I looked up "pigeon" in the dictionary and got "yona", but it wasn't clear whether this is for female pigeons only or for both genders. What word would you use for a male pigeon, and what is the plural "pigeons"? 

Also, what would most people call a squab (baby pigeon)? Most people would say "chick" instead of "baby chicken" in English, but few people would say "squab" instead of "baby pigeon".

Thanks!


----------



## slygent

ffiw, I remember learning יון for a male pigeon in כיתה א when I was 6


----------



## amikama

יונה is feminine only. A male pigeon is יון. The plural is יונים, both for male pigeons and female pigeons.

Baby pigeon is גוזל יונים. As far as I know, there is no special word for it in Hebrew.


----------



## origumi

slygent said:


> ffiw, I remember learning יון for a male pigeon in כיתה א when I was 6


The masculine form יון _yon_ exists but rarely used. Who can tell the difference between male and female pigeon seeing one?

In modern Hebrew baby pigeon is גוזל _gozal_, which is the name for most baby birds. For hen it's אפרוח _efroakh_. The rule is that if the baby bird/poultry is independent immediately when born, like hen chicks, it's אפרוח. otherwise it's גוזל.

In the past the two names were mixed. More here (in Hebrew): http://www.safa-ivrit.org/fauna/efroach.php


----------



## origumi

amikama said:


> Baby pigeon is גוזל יונים. As far as I know, there is no special word for it in Hebrew.

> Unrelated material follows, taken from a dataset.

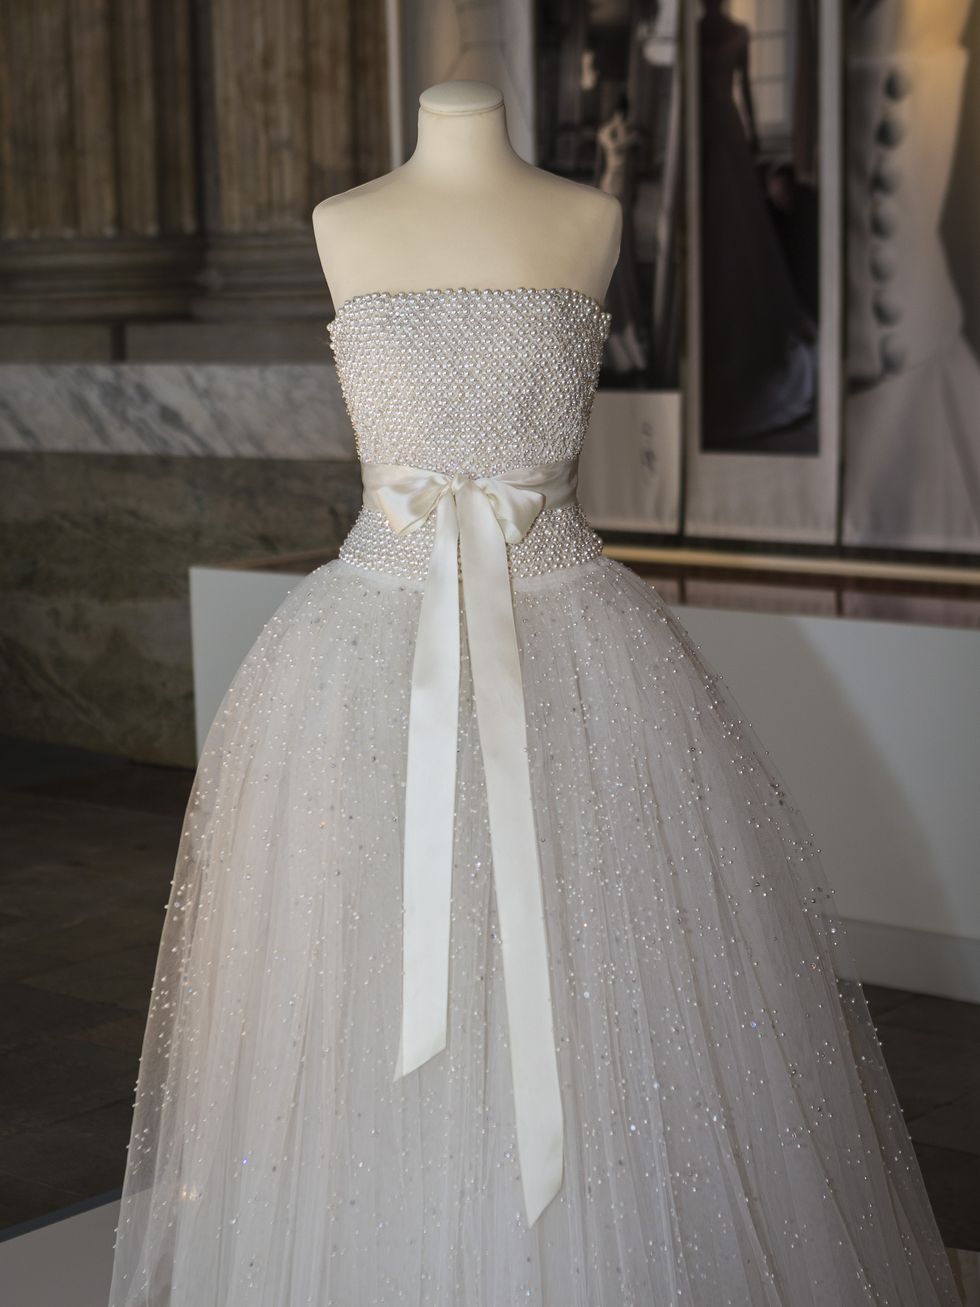 swedish royal wedding dresses exhibition at royal palace

In biblical Hebrew the young pigeon is בן יונה.


----------



## amikama

In my previous post I forgot to add that יונה is the "default" when the sex of a pigeon is unknown.




origumi said:


> In biblical Hebrew the young pigeon is בן יונה.


Thanks, origumi


----------



## just a normal guy

I must emphasize that no one says יון while talking between friends or in the street.


----------



## Maayan

origumi said:


> In biblical Hebrew the young pigeon is בן יונה.


 
Better be careful using Biblical Hebrew, as in Modern Hebrew Ben-Yona sounds like a curse


----------